Hares Playing in Surf on a Moonlit Night
- Date:
- c. 1771
- Medium:
- Color woodblock print; chuban
- Source:
- Art Institute of Chicago
Description
"Hares Playing in Surf on a Moonlit Night" is a chuban-format kacho-ga by Isoda Koryusai of about 1766. Hares in surf, often glossed in Japanese as "nami usagi," is a classical motif that links the white hare to the white foam of breaking waves and to the moon, a chain of associations that runs through East Asian poetry and decorative art and that resurfaces repeatedly in Edo ukiyo-e. Koryusai treats the subject as a tightly framed nocturne, with two or more hares arranged along a curve of wave that crosses the sheet from one corner to the other, the moon implied by a flat patch of unprinted paper rather than emphatically inscribed. As the principal Harunobu successor in the very first years of nishiki-e printing, Koryusai is working in an idiom in which kacho-ga, bijin-ga and mitate-e were all being adapted to the new multi-block color technique.

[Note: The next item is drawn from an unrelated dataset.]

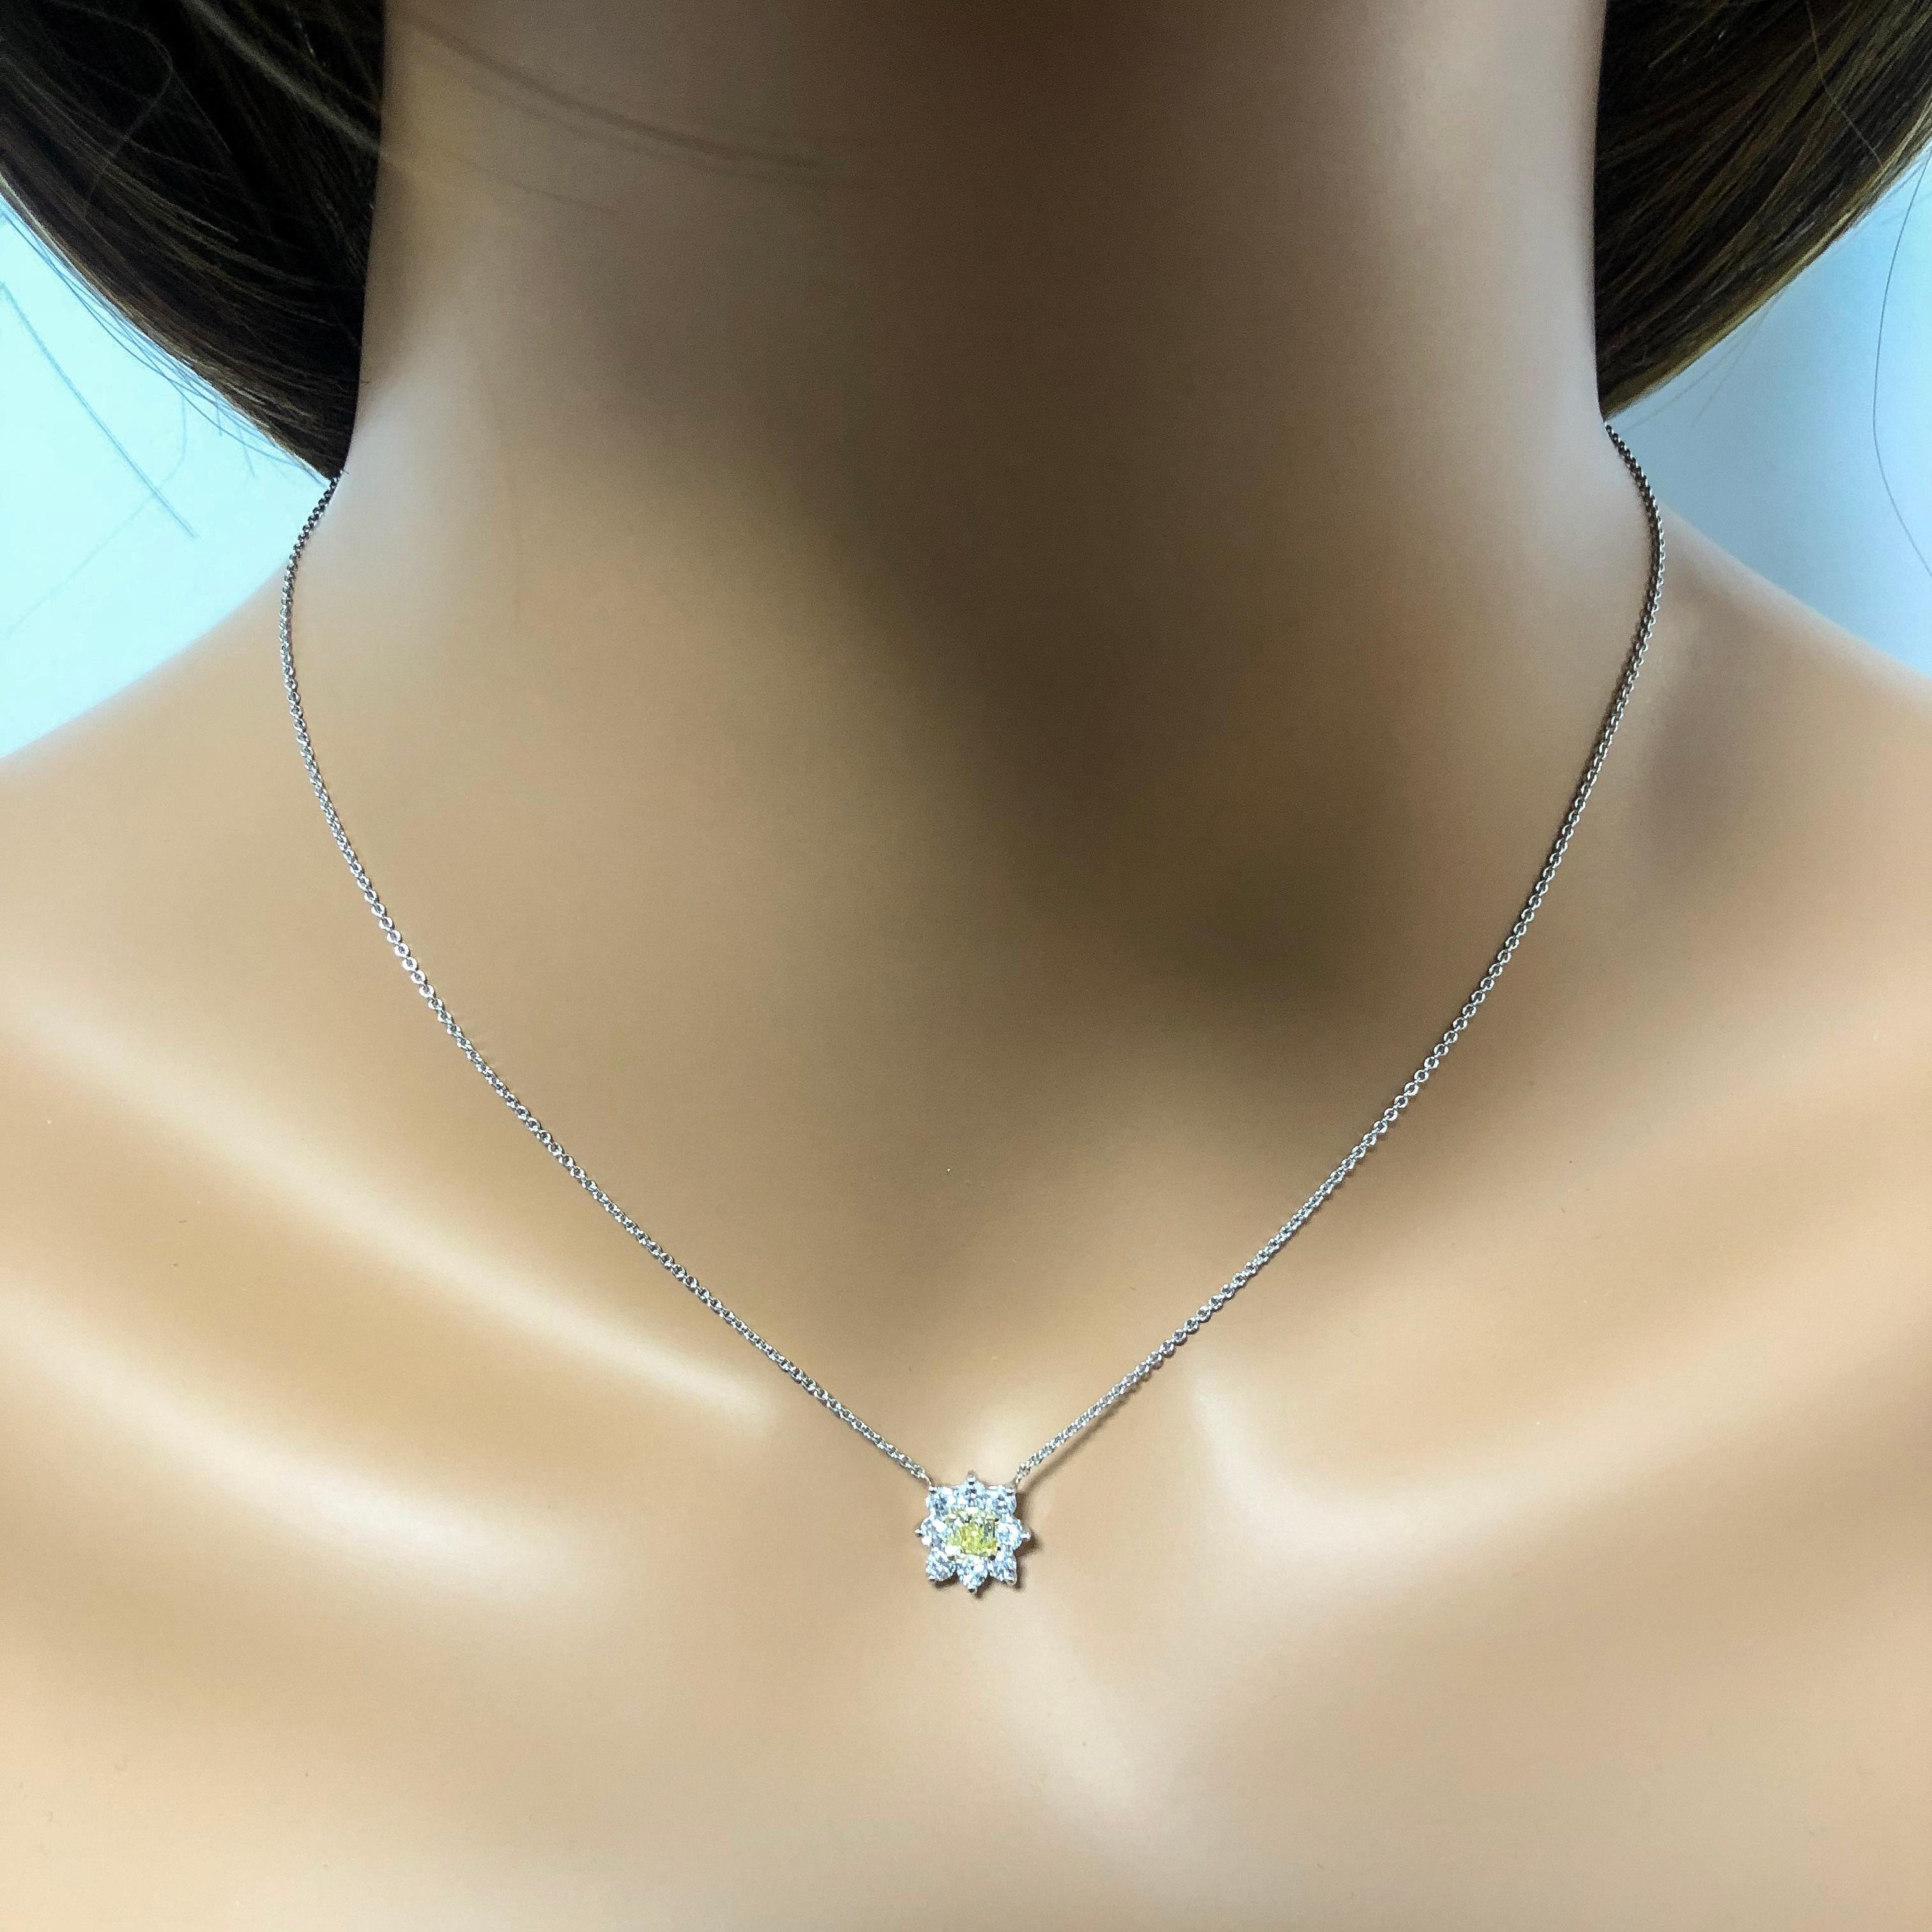 An amazing pendant necklace perfect for the summer. Features a color-rich radiant cut diamond center weighing 0.30 carats; surrounded by sparkling round diamonds weighing 0.53 carats total set in an intricate starburst design. A versatile piece

The Art Institute of Chicago impression preserves the careful registration and soft palette of blue, white and grey-brown that the print's design demands. Within Koryusai's career the print is a small but characteristic example of the natural-history strand that runs alongside his bijin-ga and hashira-e (pillar prints), and which culminated, in the 1770s, in the long sequence of pillar-format bird-and-flower prints that historians now regard as among his most accomplished work.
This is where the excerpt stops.